§ **DATA SHOWN**

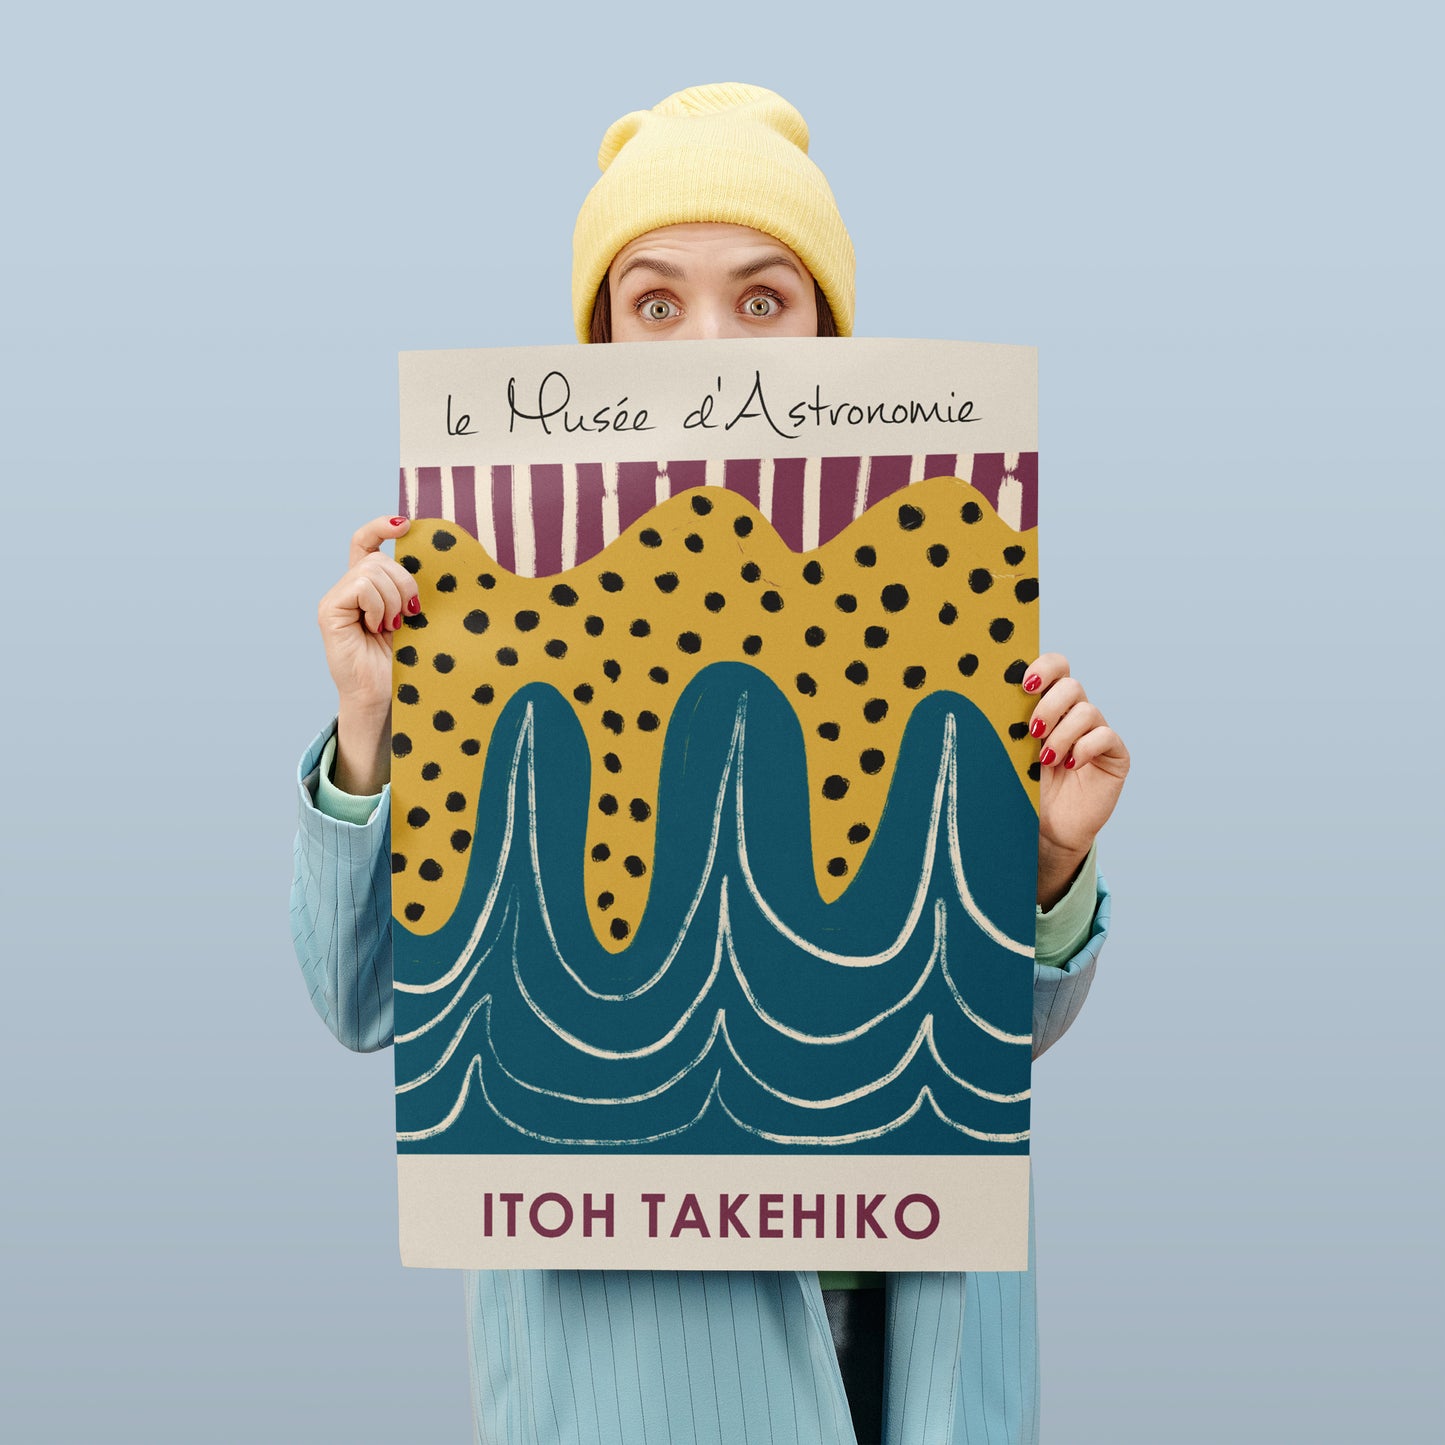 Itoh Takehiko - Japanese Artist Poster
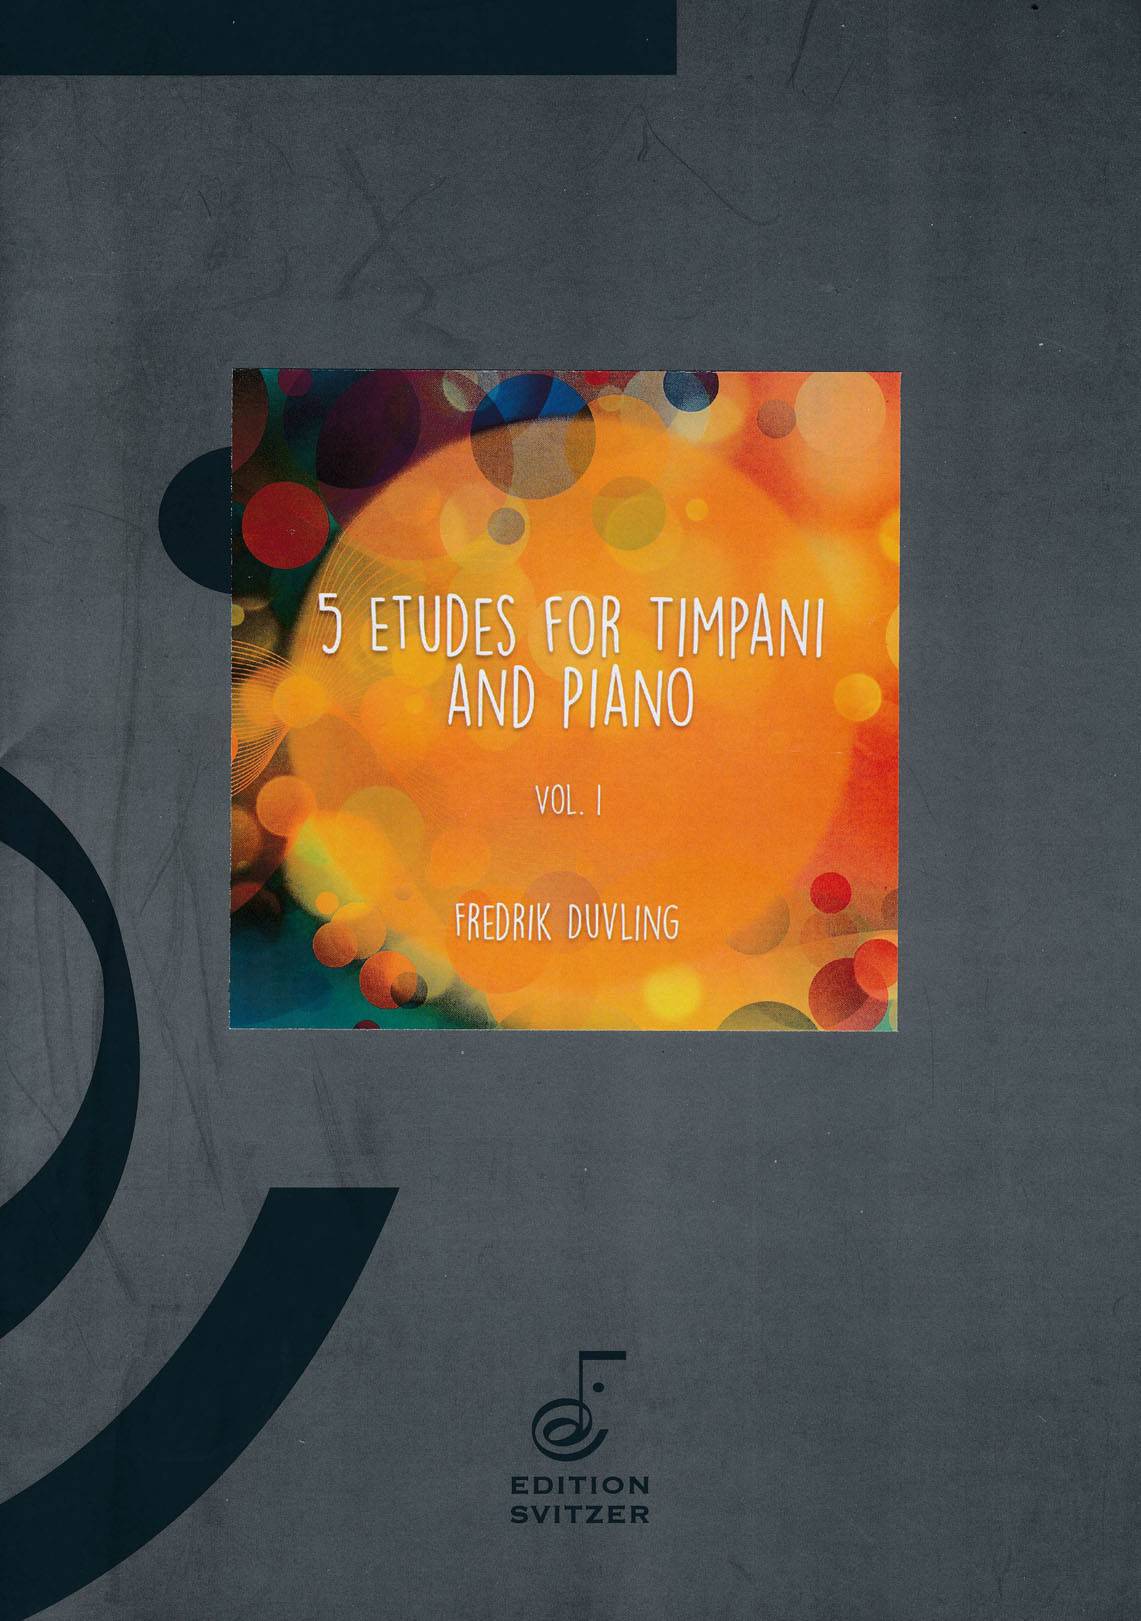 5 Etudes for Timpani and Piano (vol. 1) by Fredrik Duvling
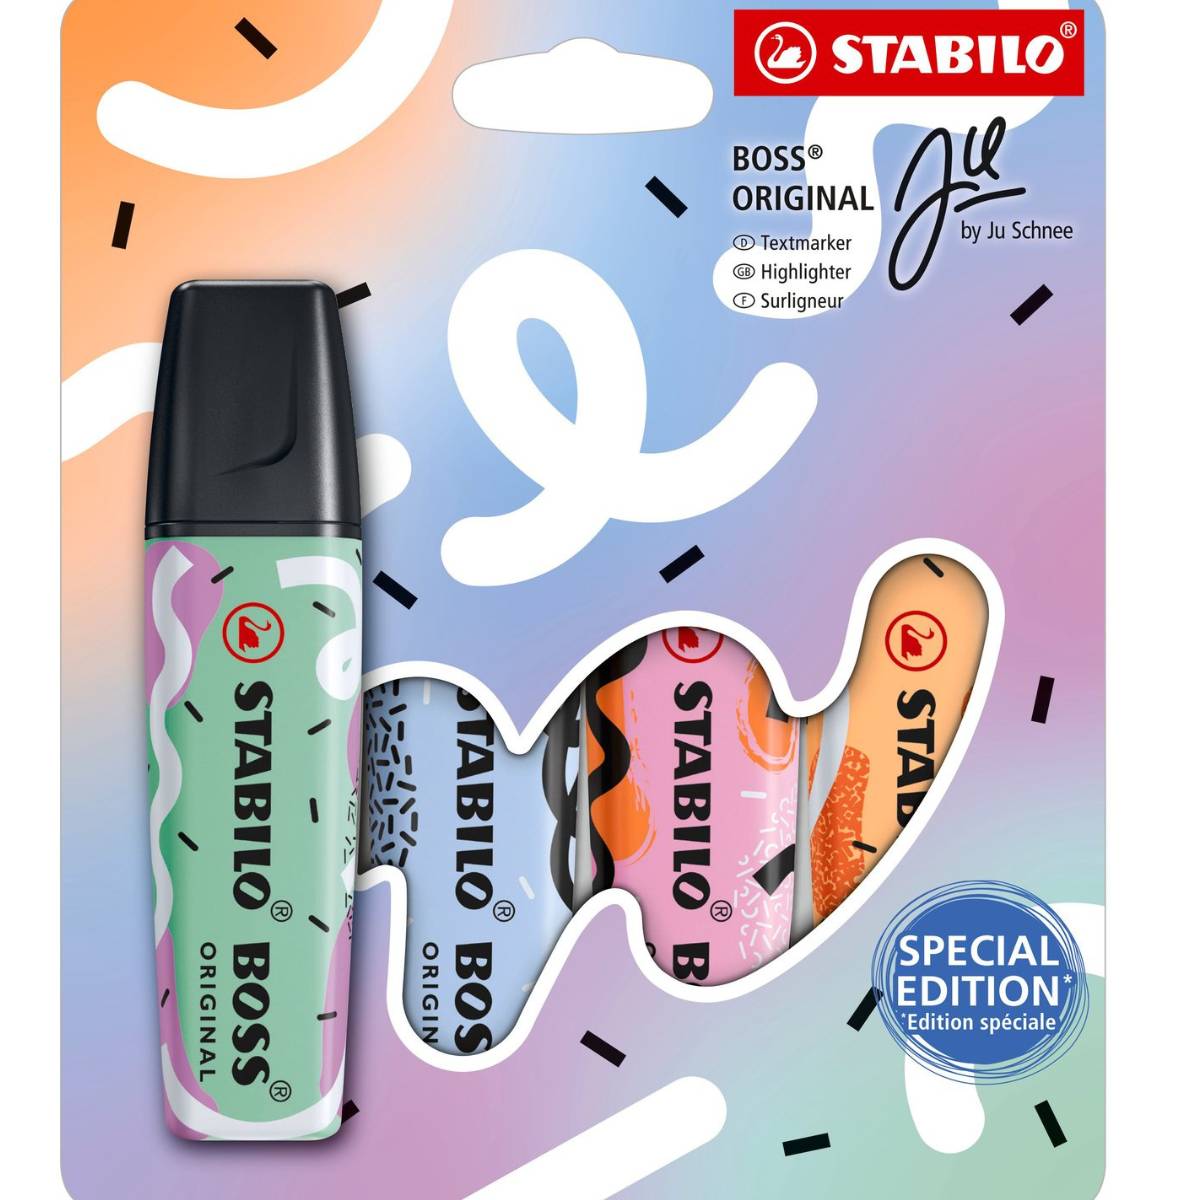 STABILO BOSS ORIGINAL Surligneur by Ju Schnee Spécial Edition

§ **ASSIGNMENT**
The listing above must be given again exactly, minus its pictures.

§ **OUTPUT FOR THIS EXERCISE**
 Itoh Takehiko - Japanese Artist Poster
 5 Etudes for Timpani and Piano (vol. 1) by Fredrik Duvling
 STABILO BOSS ORIGINAL Surligneur by Ju Schnee Spécial Edition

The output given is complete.